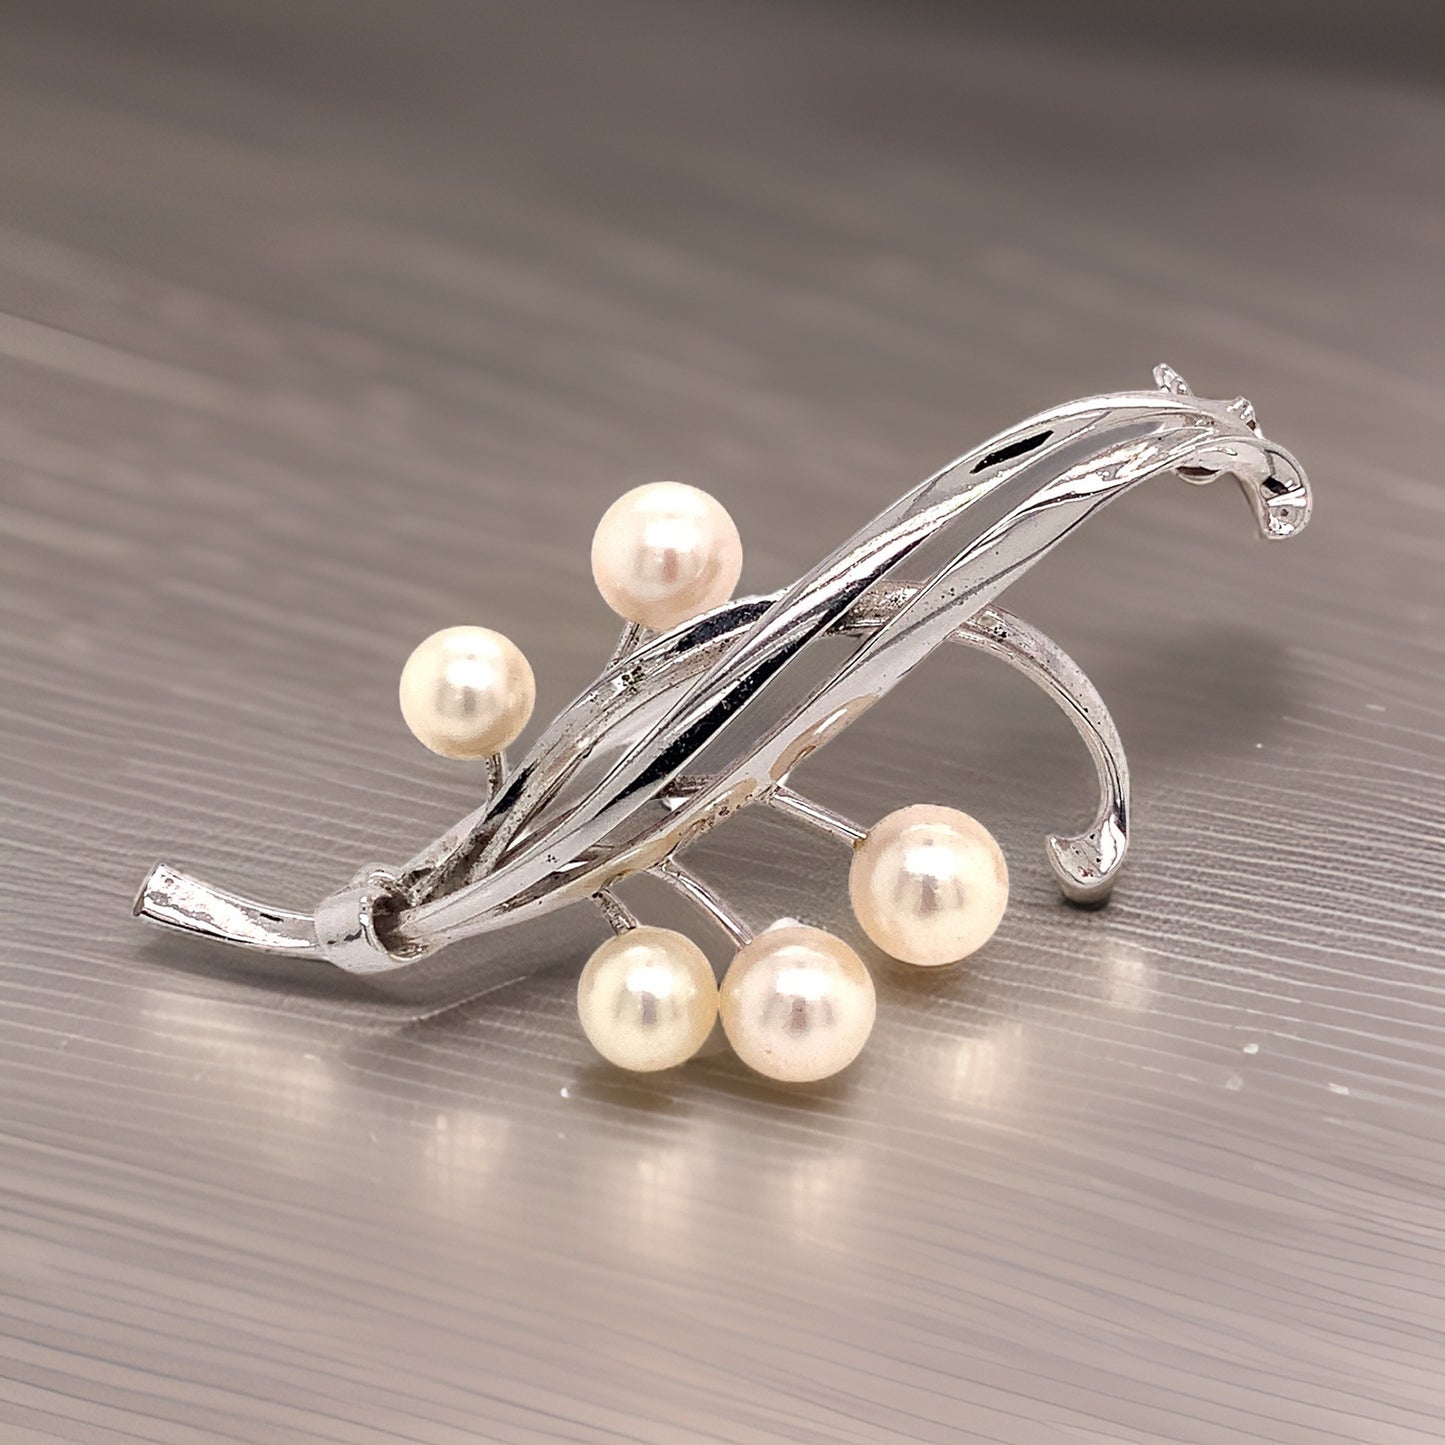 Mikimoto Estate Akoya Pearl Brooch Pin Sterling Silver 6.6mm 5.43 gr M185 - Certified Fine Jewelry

--

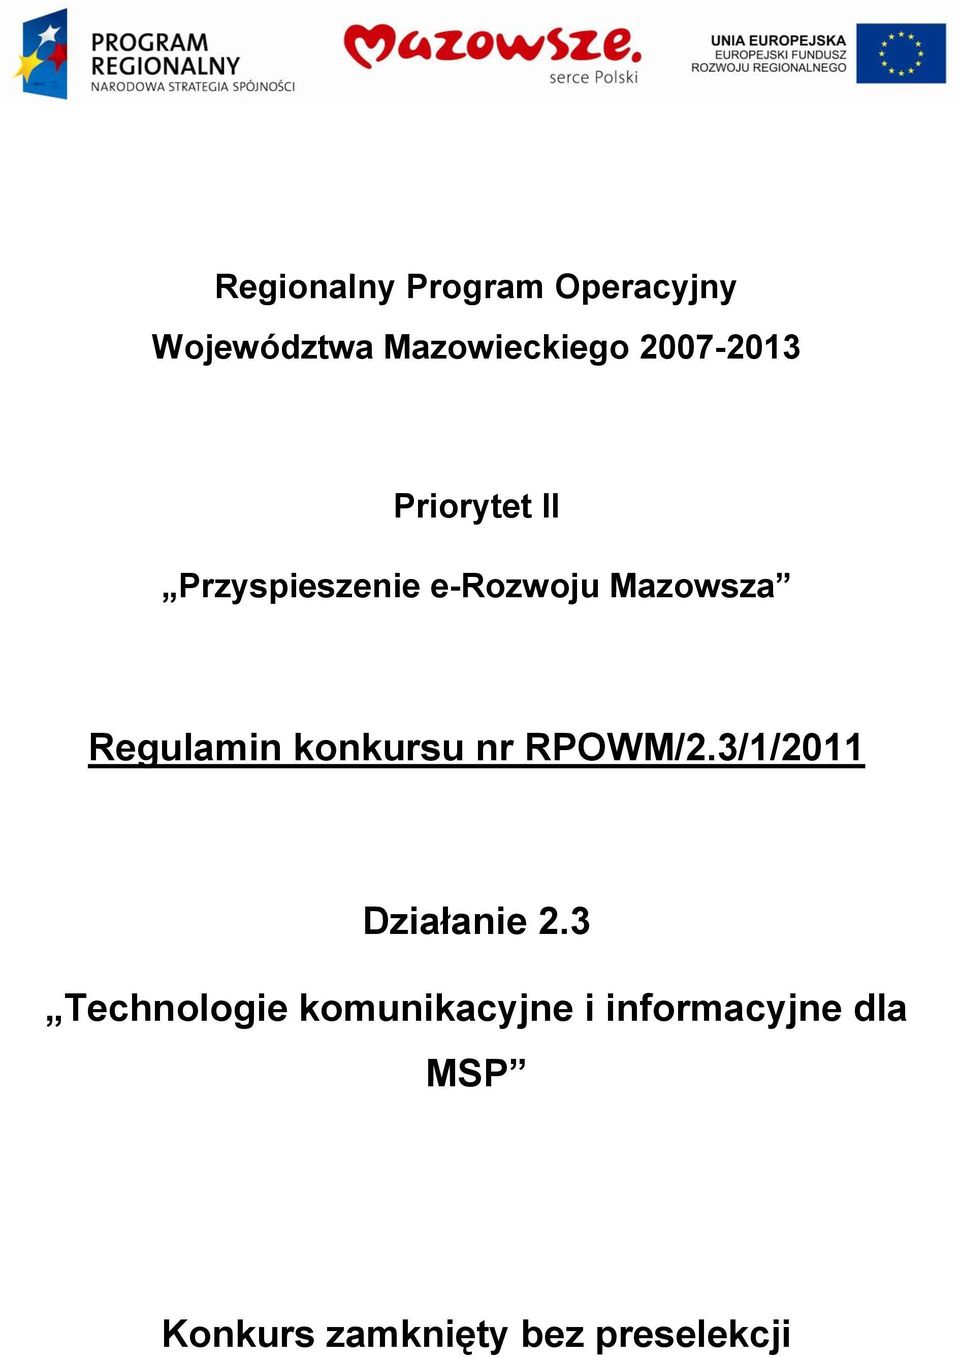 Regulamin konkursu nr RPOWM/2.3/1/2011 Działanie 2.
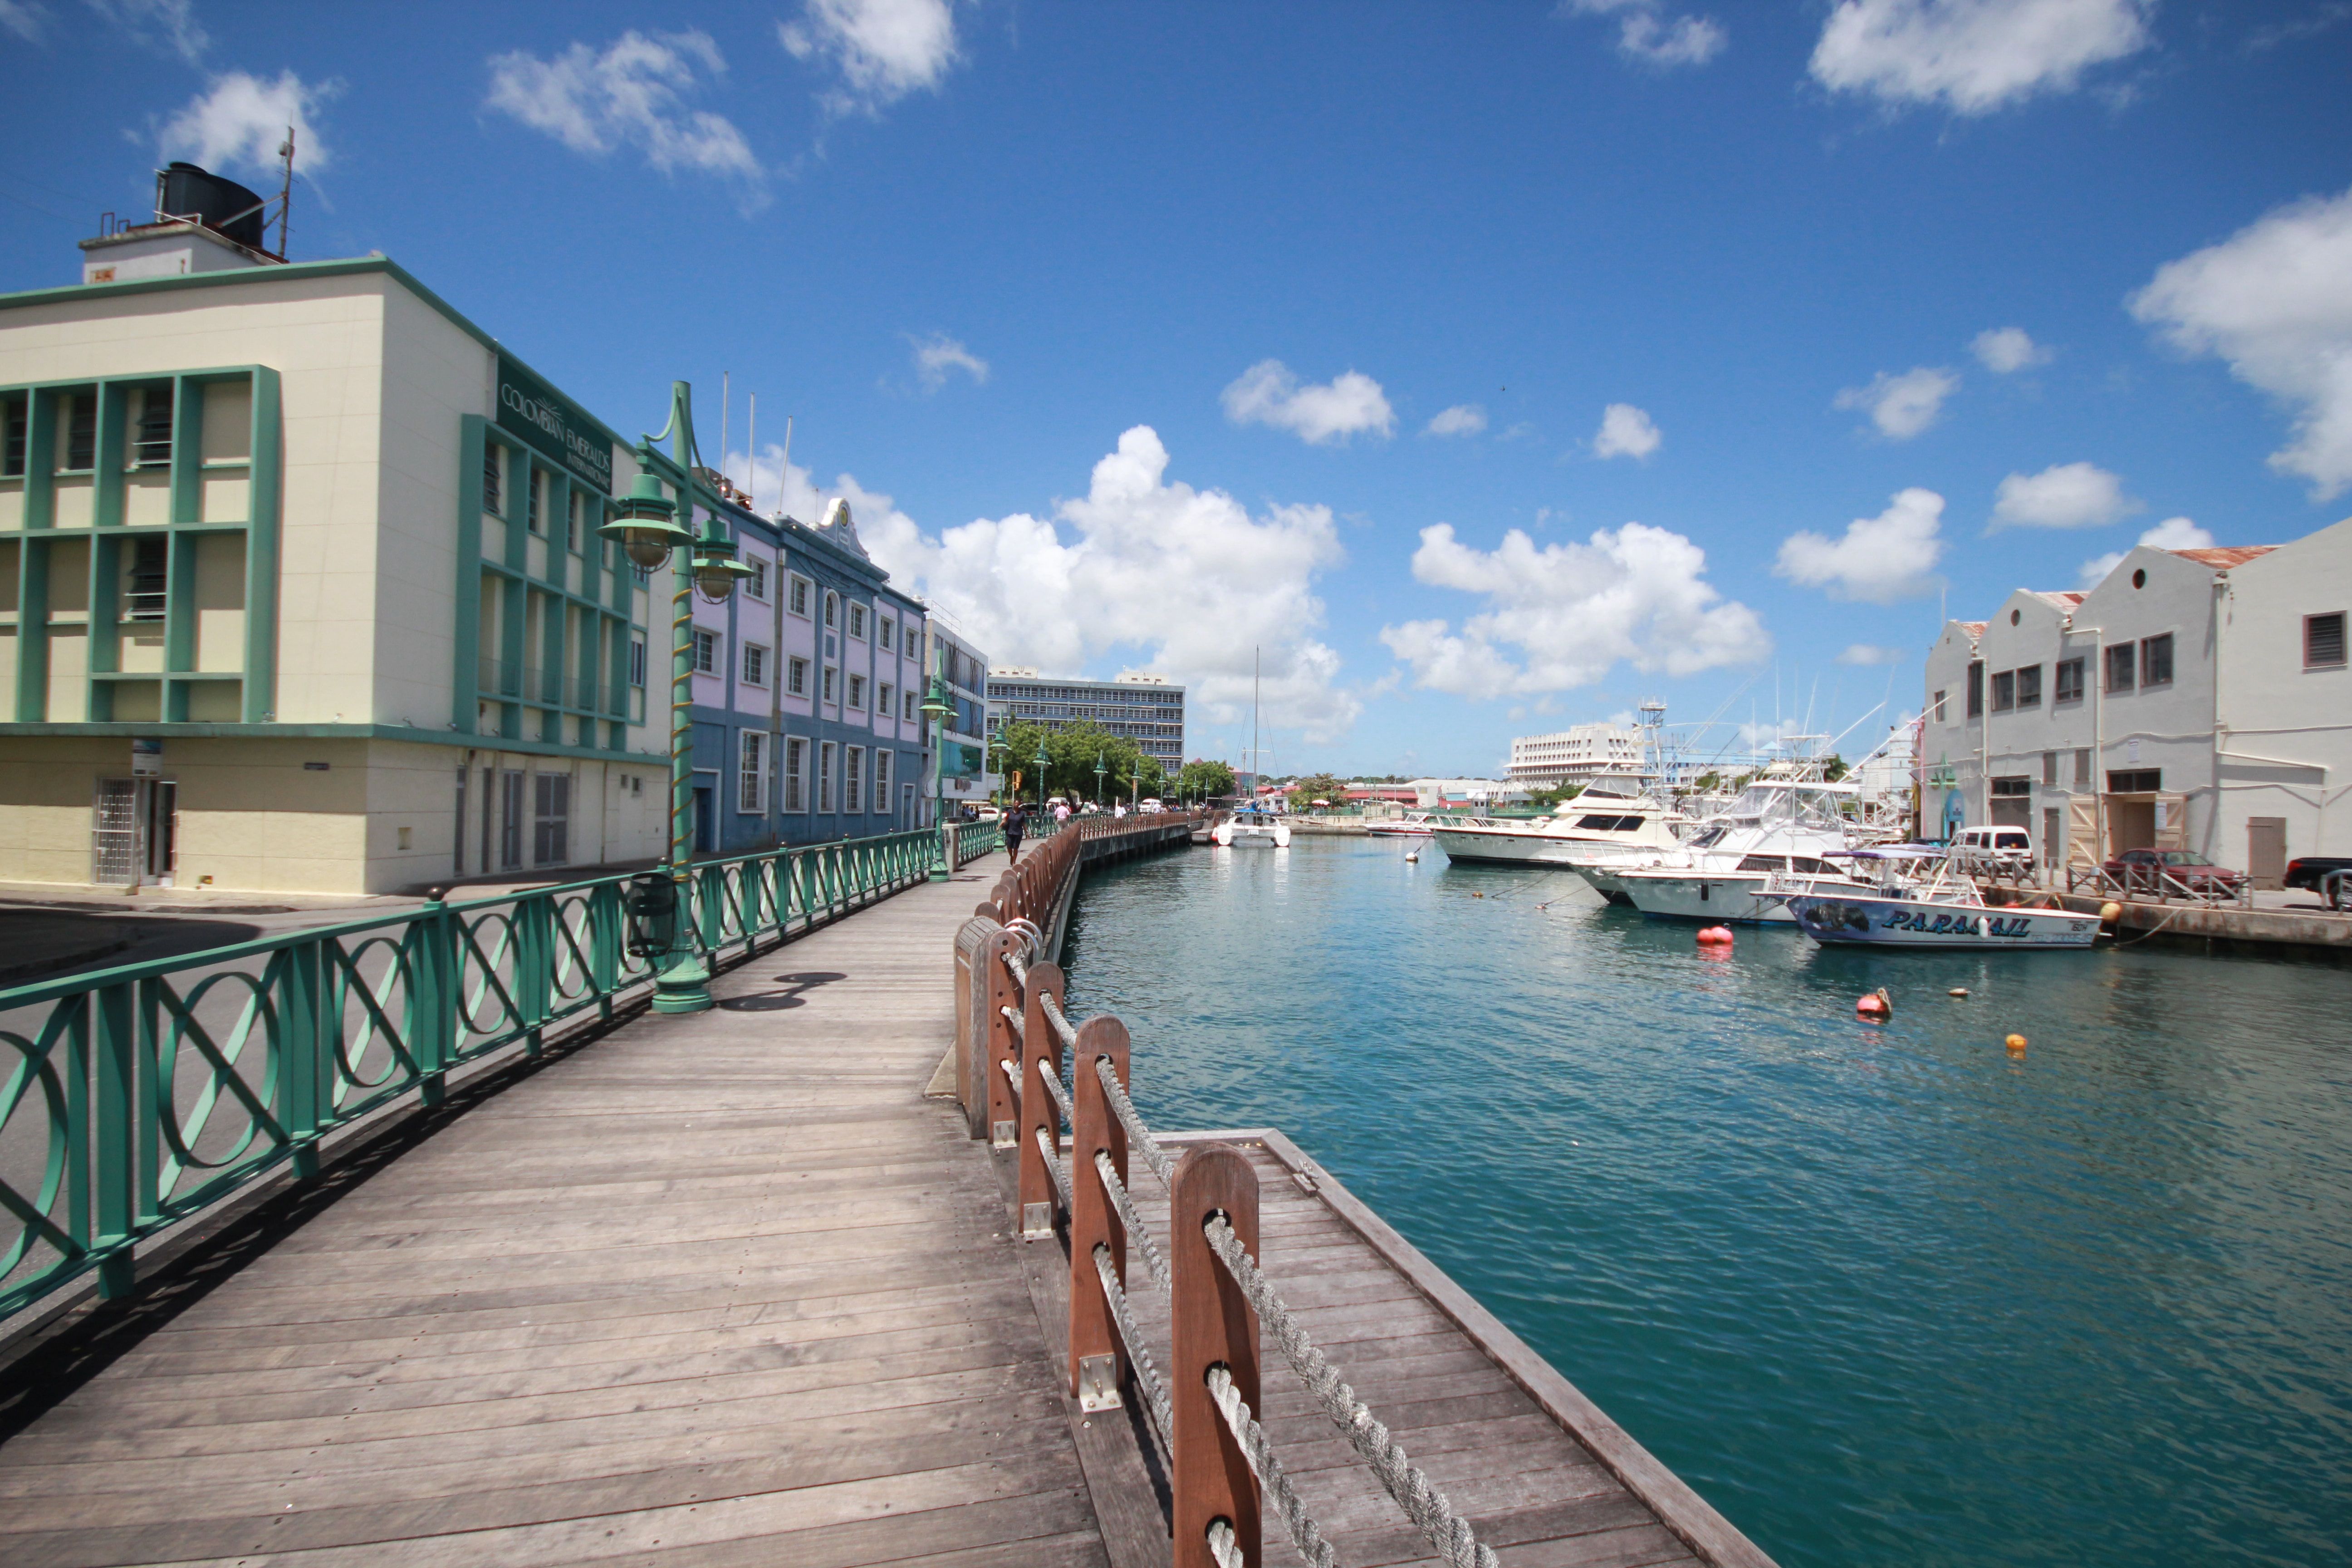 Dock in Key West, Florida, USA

---

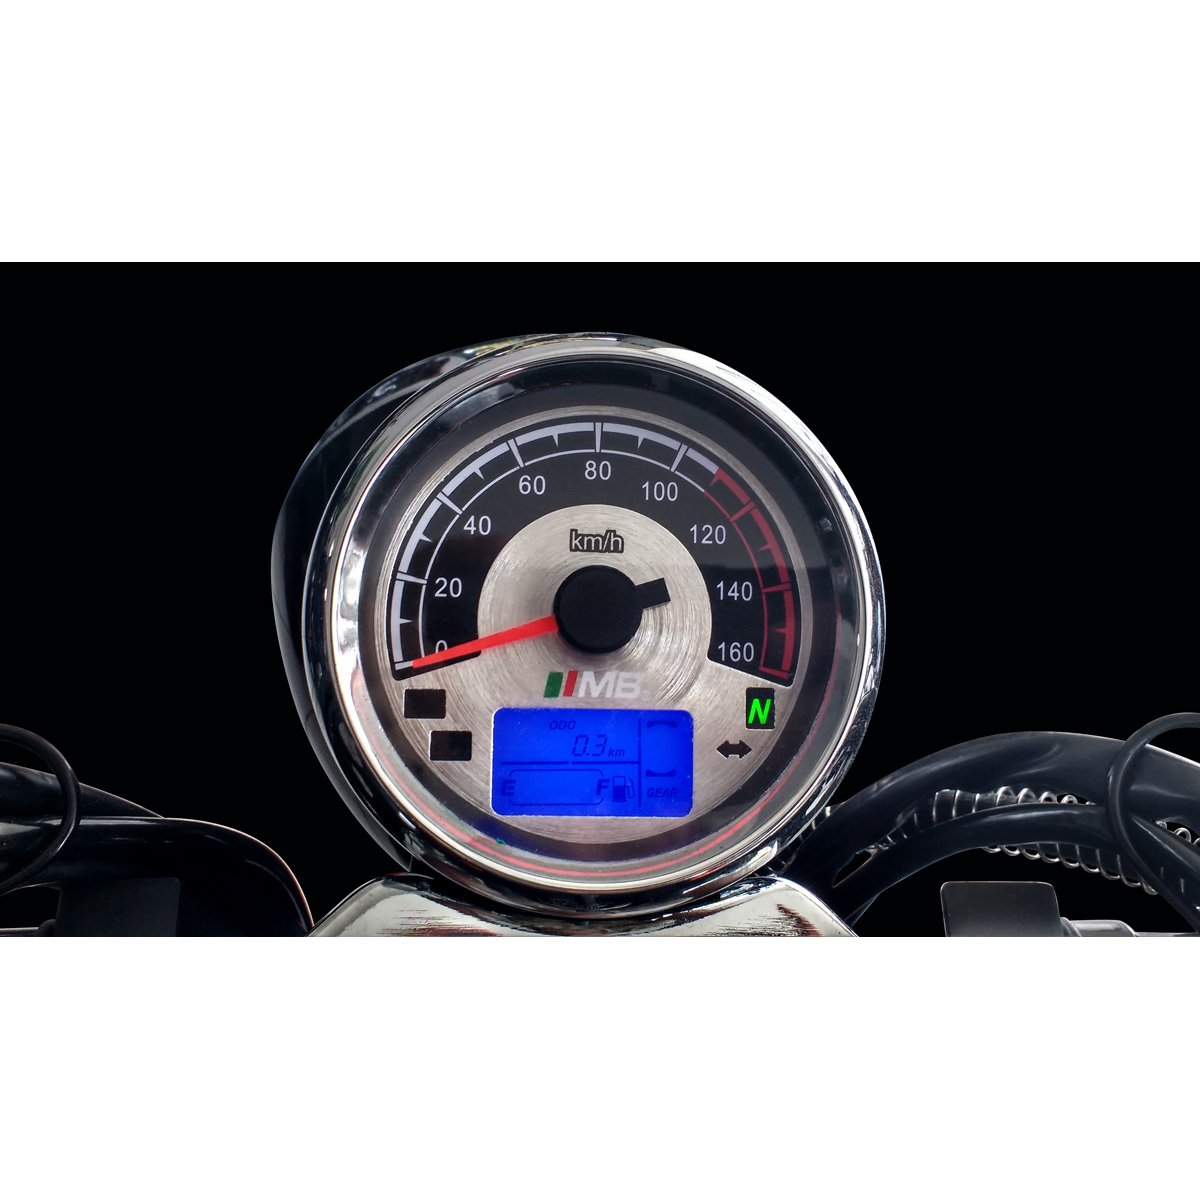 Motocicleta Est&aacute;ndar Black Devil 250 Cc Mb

▶ TASK DETAILS
In the listing above, find the line containing "Regulamin konkursu nr". Output it and every line after it up to and including the line containing "Dock in Key West, Florida, USA", exactly, but skip the pictures.

▶ SOLVED PROBLEM
 Regulamin konkursu nr RPOWM/2.3/1/2011 Działanie 2.
 Dock in Key West, Florida, USA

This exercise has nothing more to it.